I’m building an application that needs to monitor token usage for different user projects. My initial approach was to use LangSmith traces and add project_id to the metadata so I could retrieve usage data for all runs associated with that specific field.
This seemed like a solid solution until I realized that when users delete their projects, the connection between user projects and the project_ids in LangSmith gets broken.
I’m looking for suggestions on how to handle this properly. One option I’m considering is storing the total_tokens in my local database after each API call.
Also wondering about LangGraph agents - is there a way to capture tokens consumed when calling tools within agent workflows?
Token tracking gets messy quick, especially with agent workflows. I’ve learned middleware between your app and LLM providers beats post-call logging every time. Middleware catches everything - direct API calls, agent tool runs, streaming responses - before hitting your app logic. You get a complete audit trail no matter what happens to projects or external tracking. With LangGraph, instrument at the graph level, not individual tools. Build a custom graph wrapper that watches token usage across the whole execution. This grabs tokens from tool calls, reasoning steps, and any intermediate API requests your agent makes. For project deletions, try a token ownership transfer system. When projects die, tokens don’t vanish - they move to a “deleted projects” bucket under the same user. Keeps billing accurate and users can see historical usage. One gotcha: some LLM providers report different token counts for identical requests depending on load balancing. Always validate against multiple sources instead of trusting one.
Been there with token tracking nightmares. Local storage works but gets messy when you scale.
Automating the whole pipeline transformed our token monitoring. Instead of manually inserting records after each call, I built a workflow that captures tokens in real-time, runs them through validation rules, and syncs with billing systems automatically.
Best part? Edge cases get handled without code changes. Failed API calls, partial responses, bulk operations - configurable logic flows handle it all. When LangGraph agents make tool calls, automation catches every token event and routes it correctly.
For project deletion, the workflow keeps token history even after projects vanish. Users get accurate billing and you keep audit trails.
Daily reconciliation runs automatic comparisons with provider reports. Discrepancies trigger alerts and correction workflows. No more manual checking or mystery charges.
You can add new token sources or change business rules without touching application code. Everything flows through the automation layer.
Store tokens locally after each API call - learned this the hard way when external tracking broke our billing system.
What works for me:
Simple tokens table: user_id, project_id, timestamp, input_tokens, output_tokens, cost. Insert after every API response. You control everything and it survives project deletions.
For LangGraph agents, hook into the callback system. Custom callback handler captures token usage from tool calls.

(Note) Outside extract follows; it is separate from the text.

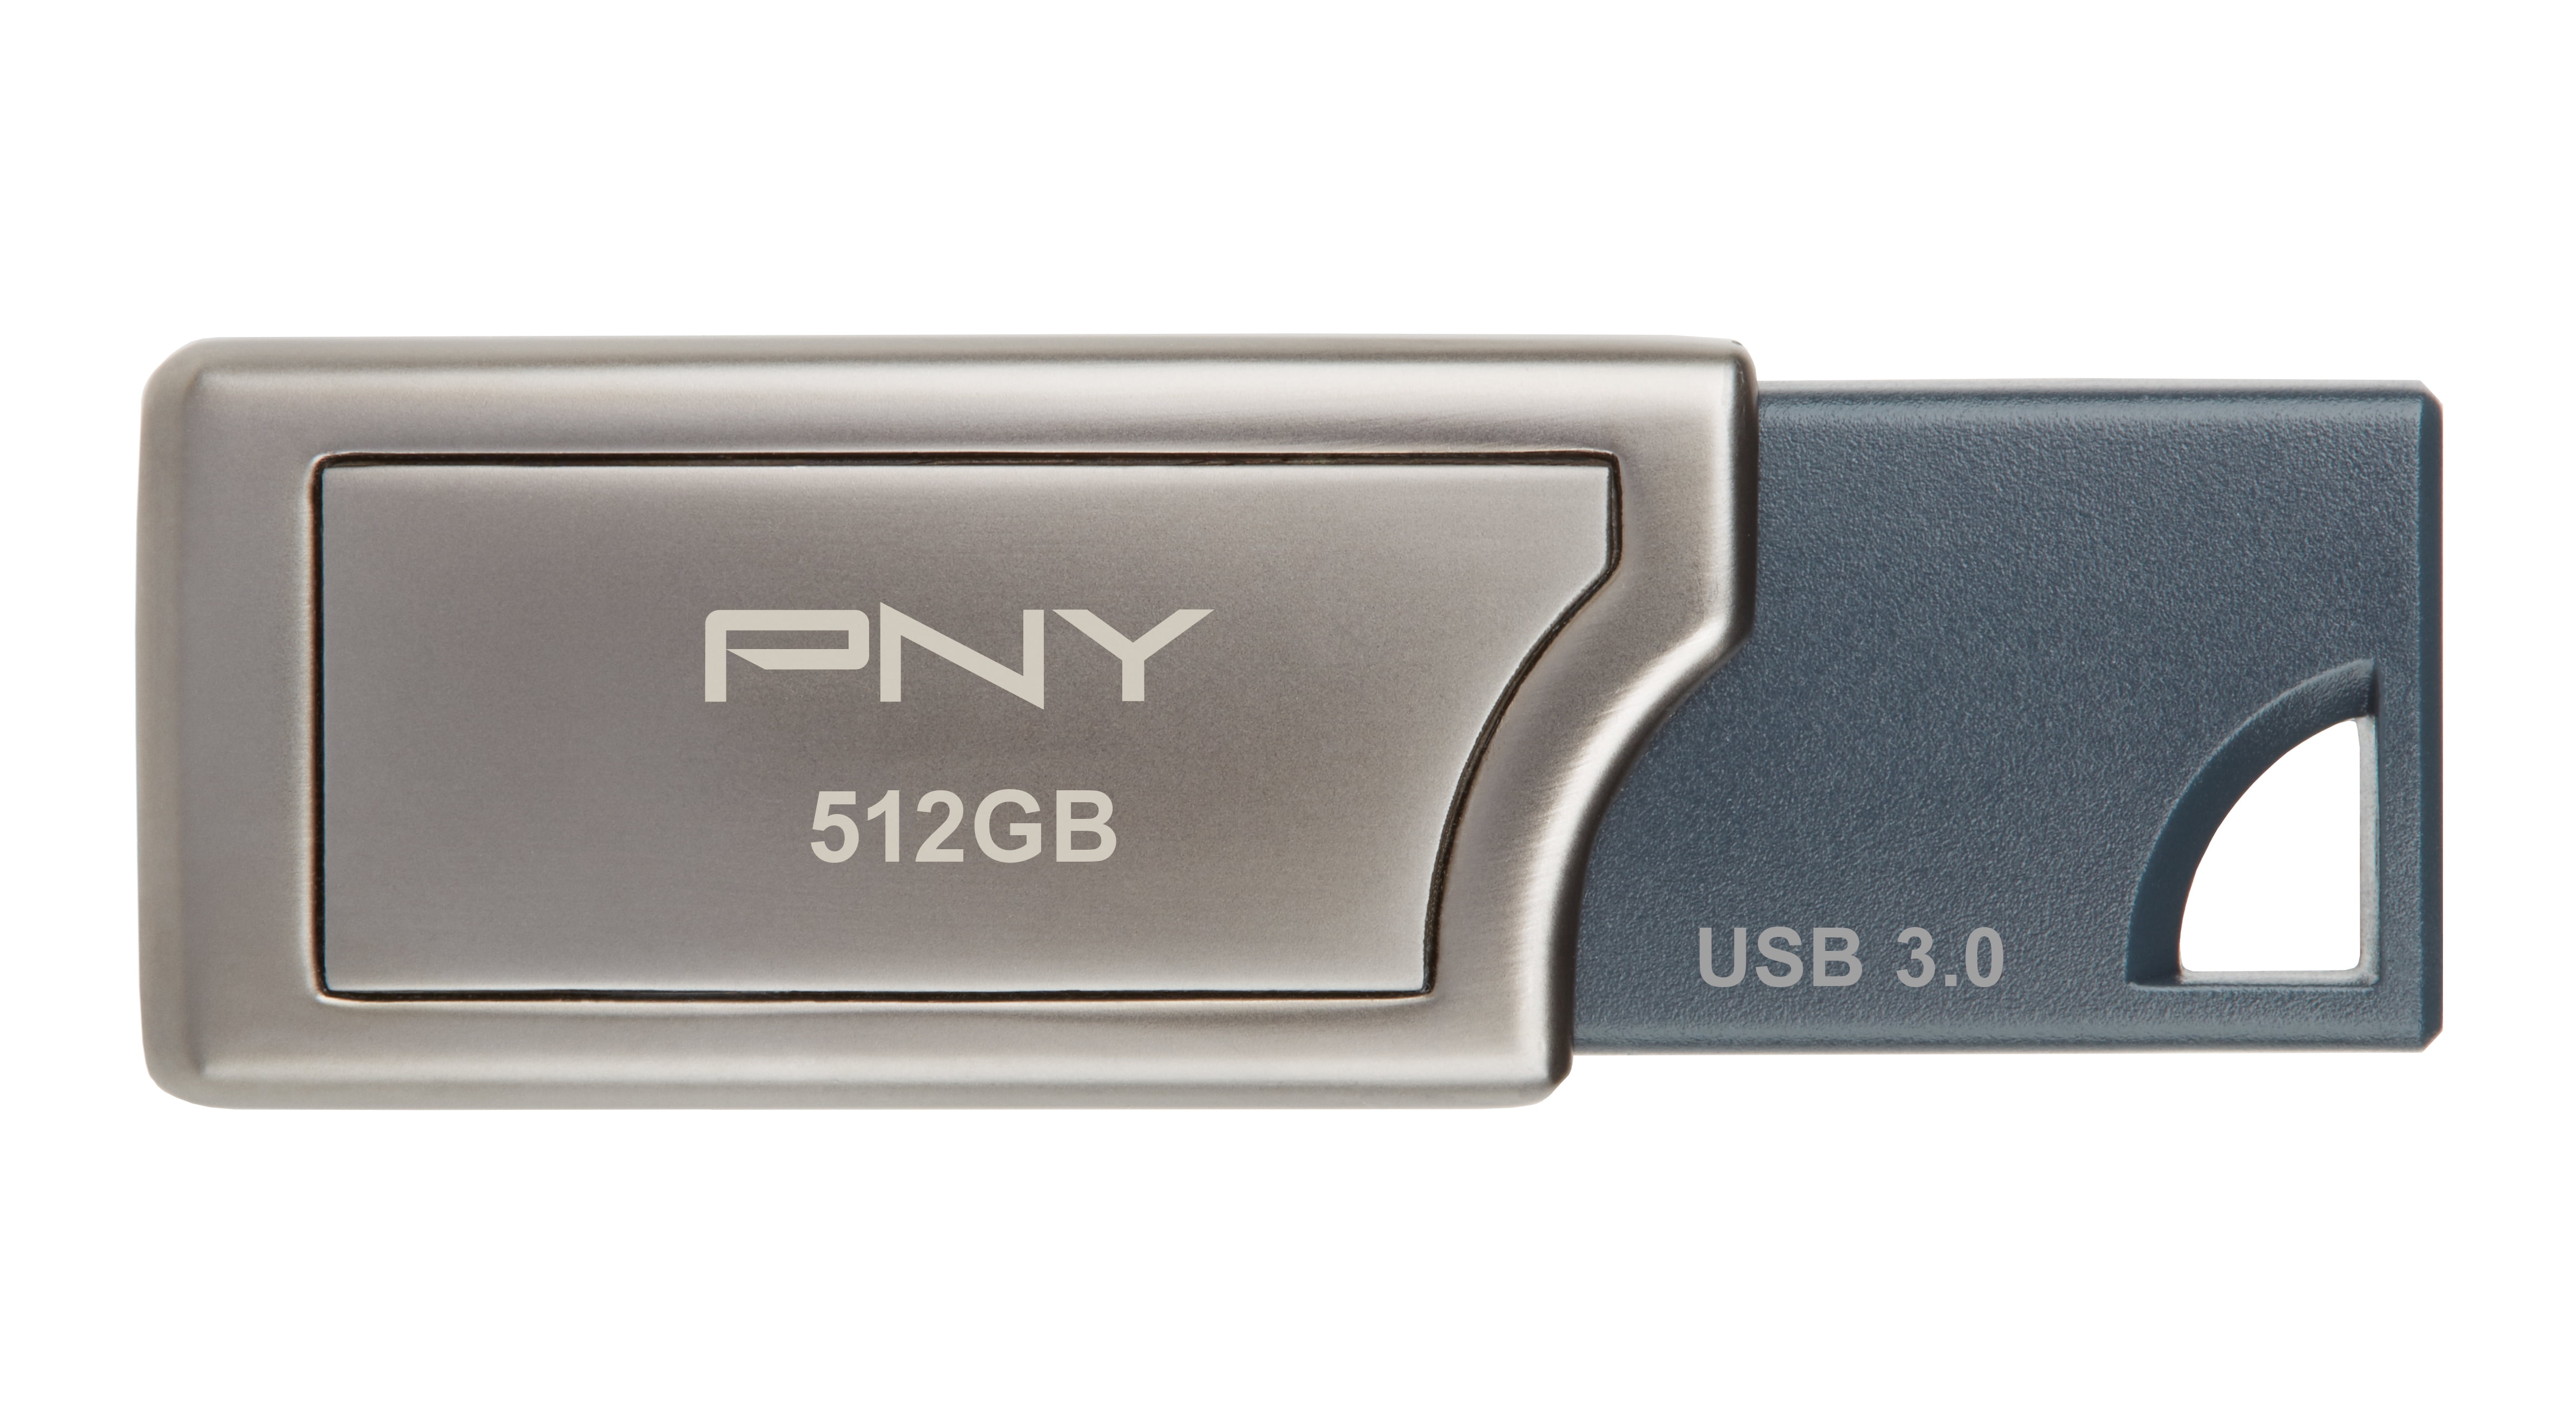 & 256GB Turbo Attaché 3 USB 3.0 Flash Drive - Grey Read Speeds Upto 400MB/S PNY Pro Elite 512GB USB 3.0 Flash Drive P-FD256TBOP-GE P-FD512PRO-GE

The framework passes token counts through callbacks - just intercept and store.
Watch out for streaming responses. Token counts sometimes come in the final chunk instead of accumulating throughout the stream.
Run a daily reconciliation job comparing your counts with the API provider’s usage reports. Catches missed calls or double counting.
Database storage is definitely the way to go, but think about data retention policies early. I learned this the hard way after millions of token records started slowing down my queries. For project deletion, use soft deletes instead of hard deletes. Add a deleted_at timestamp to projects - you can still access historical token data for billing while hiding deleted projects from users. For LangGraph agents, grab token usage from the run metadata after each tool execution. The trick is intercepting tool results before they move to the next step. I wrap my tool calls in a decorator that pulls usage stats and writes them to the database immediately. One thing nobody’s mentioned - add idempotency keys to your token logging. Network issues cause duplicate API calls, and you don’t want to double-count tokens. Use request IDs or generate unique hashes from call parameters to prevent duplicates.